I had an idea for one more thing to look at in the #c4l13 tweets: instead of seeing who retweeted whom, how about who mentioned whom?
To do this I use a little Ruby script to make my life simpler. I could have done this all in R, but it was starting to get messy (I'm no R expert) and I could see right away how to do it in Ruby, so I did it that way.
In that big CSV file we downloaded of all the tweets, there's one column called entities_str
that is a chunk of JSON that holds what we want. Twitter has parsed each tweet and figured out some things about it, including who is mentioned in the tweet. This means we don't have to do any pattern matching, but we do need to parse some JSON. That's why I used Ruby.
#!/usr/bin/env ruby
require 'csv'
require 'rubygems'
require 'json'
archive = "Downloads/Collect %23c4l13 Tweets - Archive.csv"
# Thanks http://stackoverflow.com/questions/3717464/ruby-parse-csv-file-with-header-fields=as-attributes-for-each-row
puts "tweeter,mentioned"
CSV.foreach(archive, {:headers => true, :header_converters => :symbol}) do |row|
# (Those header directives make it easier to reference elements in each row.)
# row[:from_user] is the person who tweeted.
# To find out who they mention, we can use information supplied by Twitter.

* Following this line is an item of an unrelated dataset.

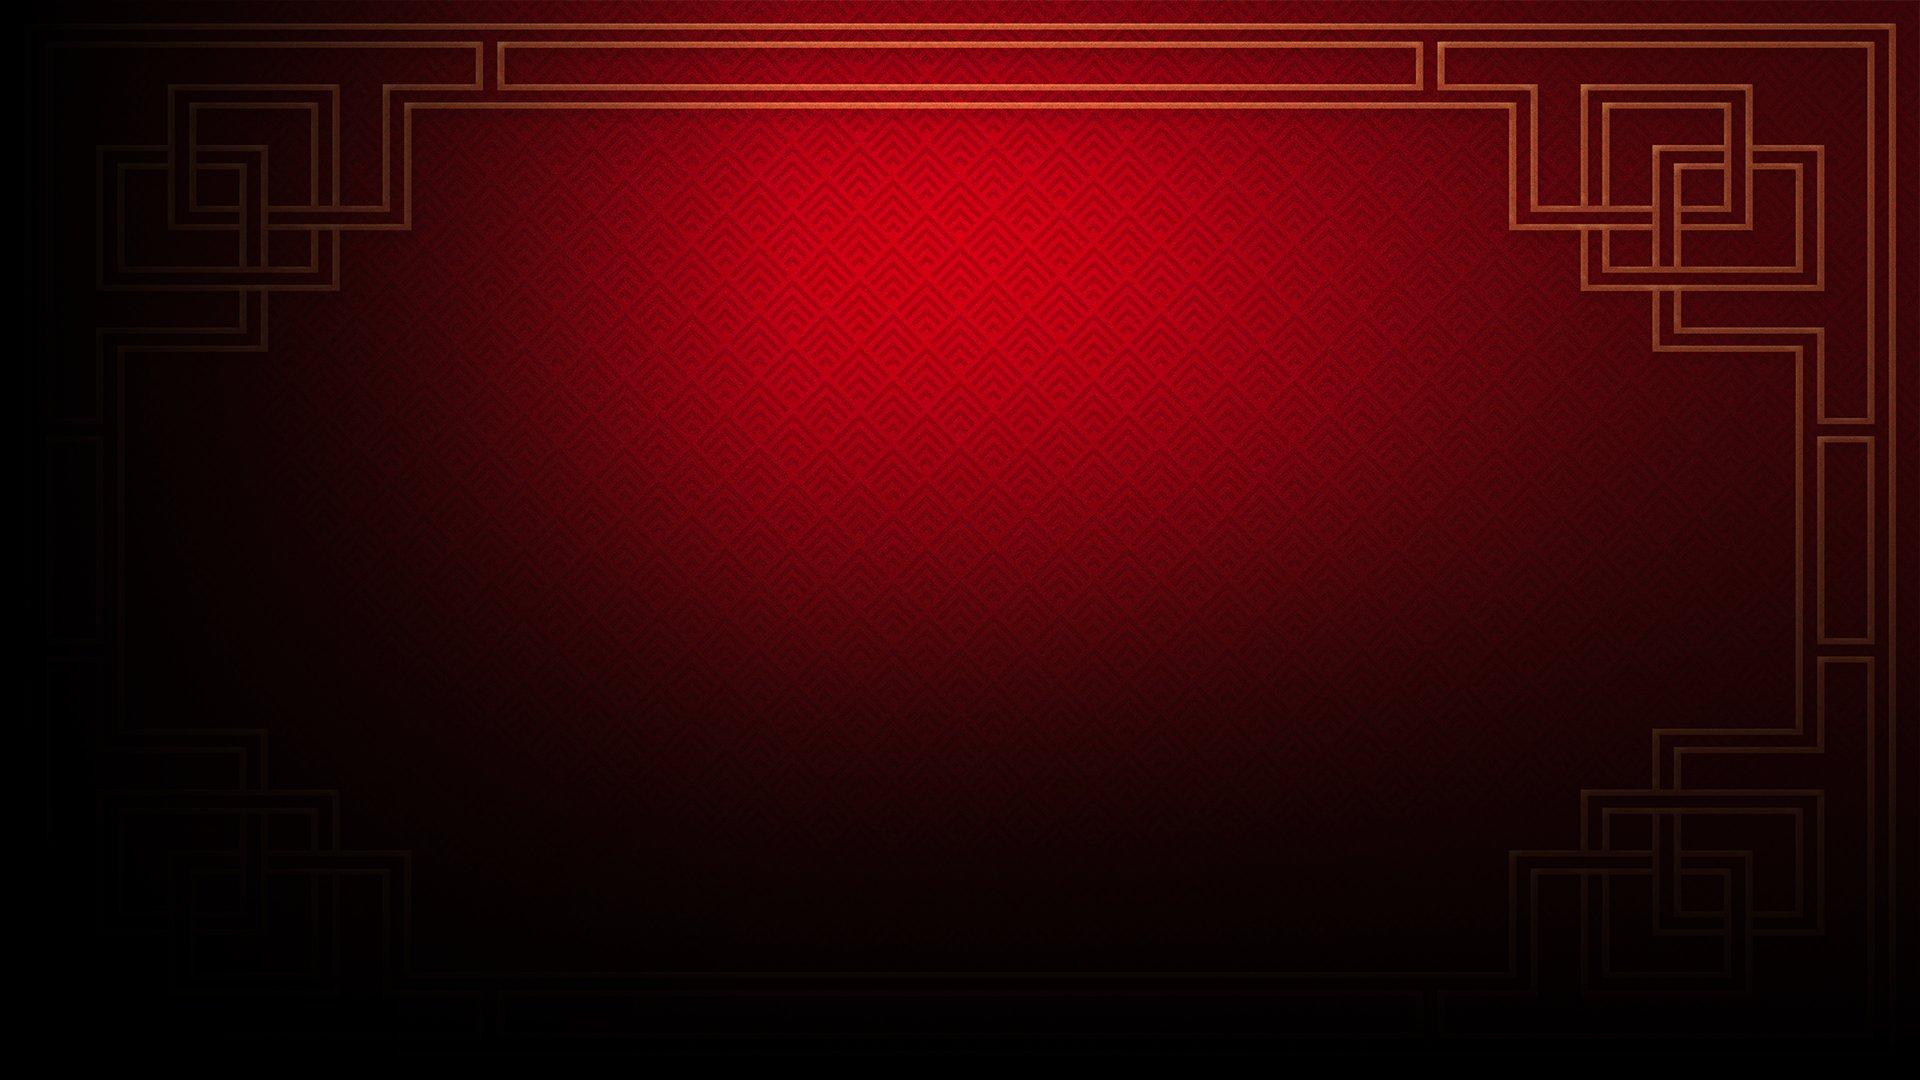 fond Hercule Poirot - S05 E08 - Vol de bijoux à l'hotel Metropolitan

# row[:entities_str] is a chunk of JSON. It has an object called "user_mentions" which is an array of objects
# like this:
# {"id"=>18366992, "name"=>"Jason Ronallo", "indices"=>[83, 91], "screen_name"=>"ronallo", "id_str"=>"18366992"}
# So all we need to do is loop through that and pick out out screen_name
JSON.parse(row[:entities_str])["user_mentions"].each do |mention|
puts "#{row[:from_user]},#{mention["screen_name"]}"
end
end
I saved this as mentioned.rb
and then ran this at the command line:
$ ruby mentioned.rb > tweets-mentioned.csv
$ head -5 tweets-mentioned.csv
tweeter,mentioned
anarchivist,mariatsciarrino
anarchivist,eosadler
tararobertson,ronallo
saverkamp,benwbrum
Perfect. Now let's get this into R and use geom_tile
again. We'll read it into a data frame and then use count
to see who's mentioned who how much:
> library(ggplot2)
> library(plyr)
> mentioned.csv <- read.csv("tweets-mentioned.csv")

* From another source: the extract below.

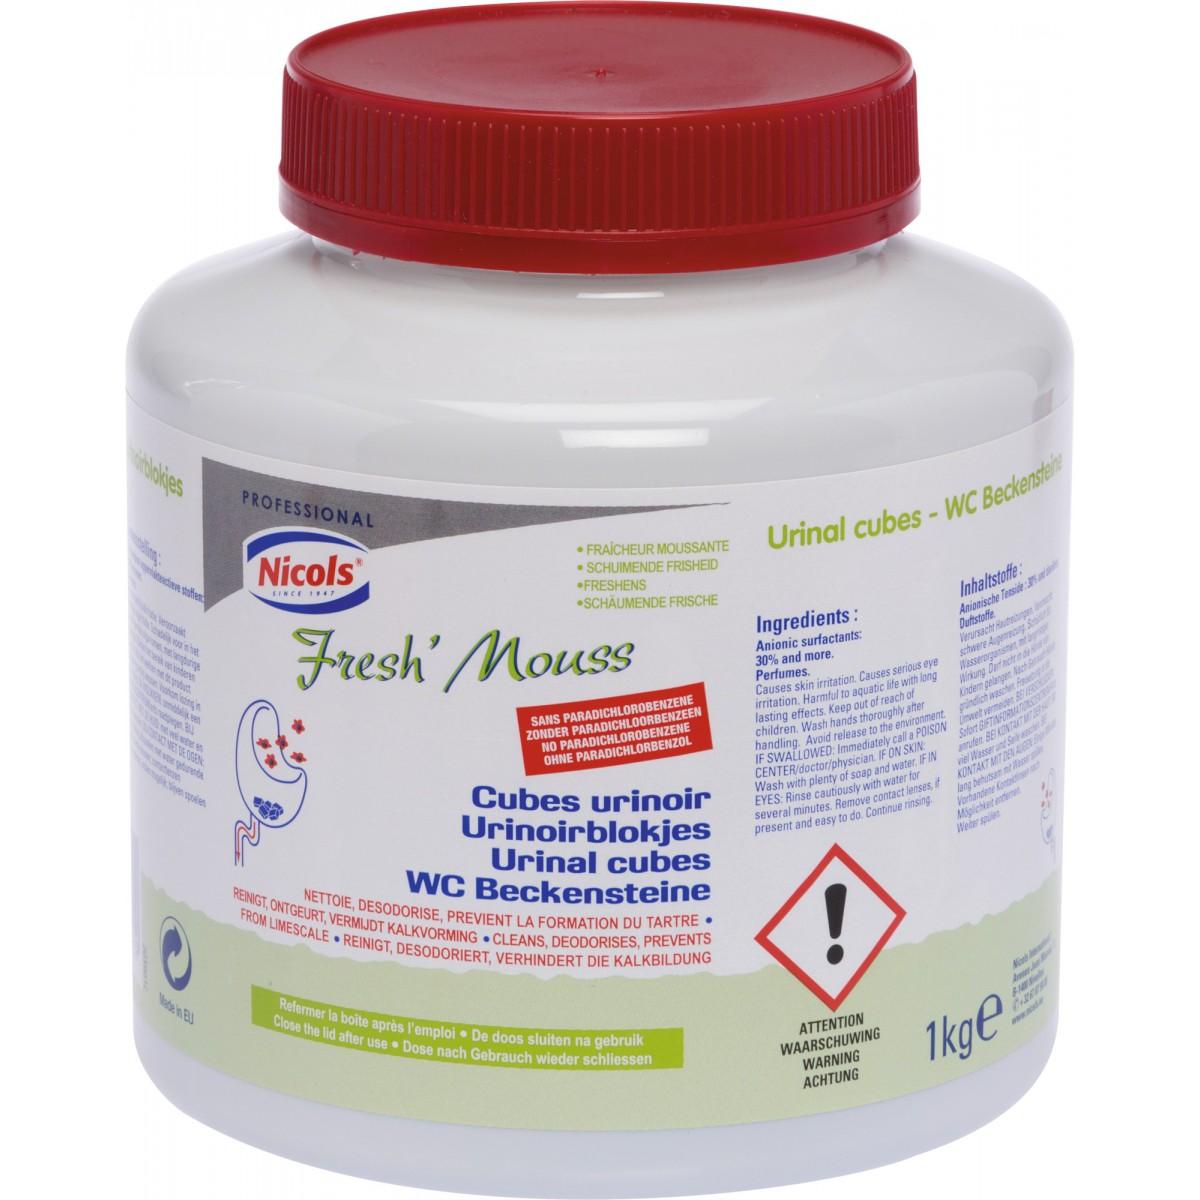 Cube urinoir fresh'mouss Nicols - Pot 1 kg - Bloc 30 g

> head(count(mentioned.csv, c("tweeter", "mentioned")))
tweeter mentioned freq
1 3windmills yo_bj 1
2 aaroncollie kayiwa 1
3 aaronisbrewing tararobertson 1
4 abedejesus tararobertson 1
5 abugseye bretdavidson 1
6 abugseye cazzerson 1
That's just the first few mentions, but we've got what we want. Now let's make a big huge chart.
> ggplot(count(mentioned.csv, c("tweeter", "mentioned")), aes(x=tweeter, y=mentioned))
+ geom_tile(aes(fill=freq))
+ scale_fill_gradient(low="brown", high="yellow")
+ theme(axis.text = element_text(size=4), axis.text.x = element_text(angle=90))
+ xlab("Who mentioned someone") + ylab("Who was mentioned")
+ labs(title="People who mentioned other people (using the #c4l13 hastag)")
That's got an awful lot going on, but we can can see some strong horizontal lines (showing people who were mentioned a lot, especially chief conference organize Francis Kayiwa @kayiwa) and some strong vertical lines (showing people who mentioned many other people). To simplify it a lot, let's subset the frequency table to include only people who mentioned other people at least twice.
> ggplot(subset(count(mentioned.csv, c("tweeter", "mentioned")), freq > 2), aes(x=tweeter, y=mentioned))
+ geom_tile(aes(fill=freq)) + scale_fill_gradient(low="brown", high="yellow")
+ theme(axis.text = element_text(size=8), axis.text.x = element_text(angle=90))
+ xlab("Who mentioned someone") + ylab("Who was mentioned")
+ labs(title="People who mentioned other people more than twice (using the #c4l13 hash tag")
Now it's easier to see that kayiwa was mentioned by a lot of people, and going vertically, among others TheStacksCat mentioned a lot of different people, especially yo_bj.
And now I think I've exhausted my interest in this. Time to look at something else!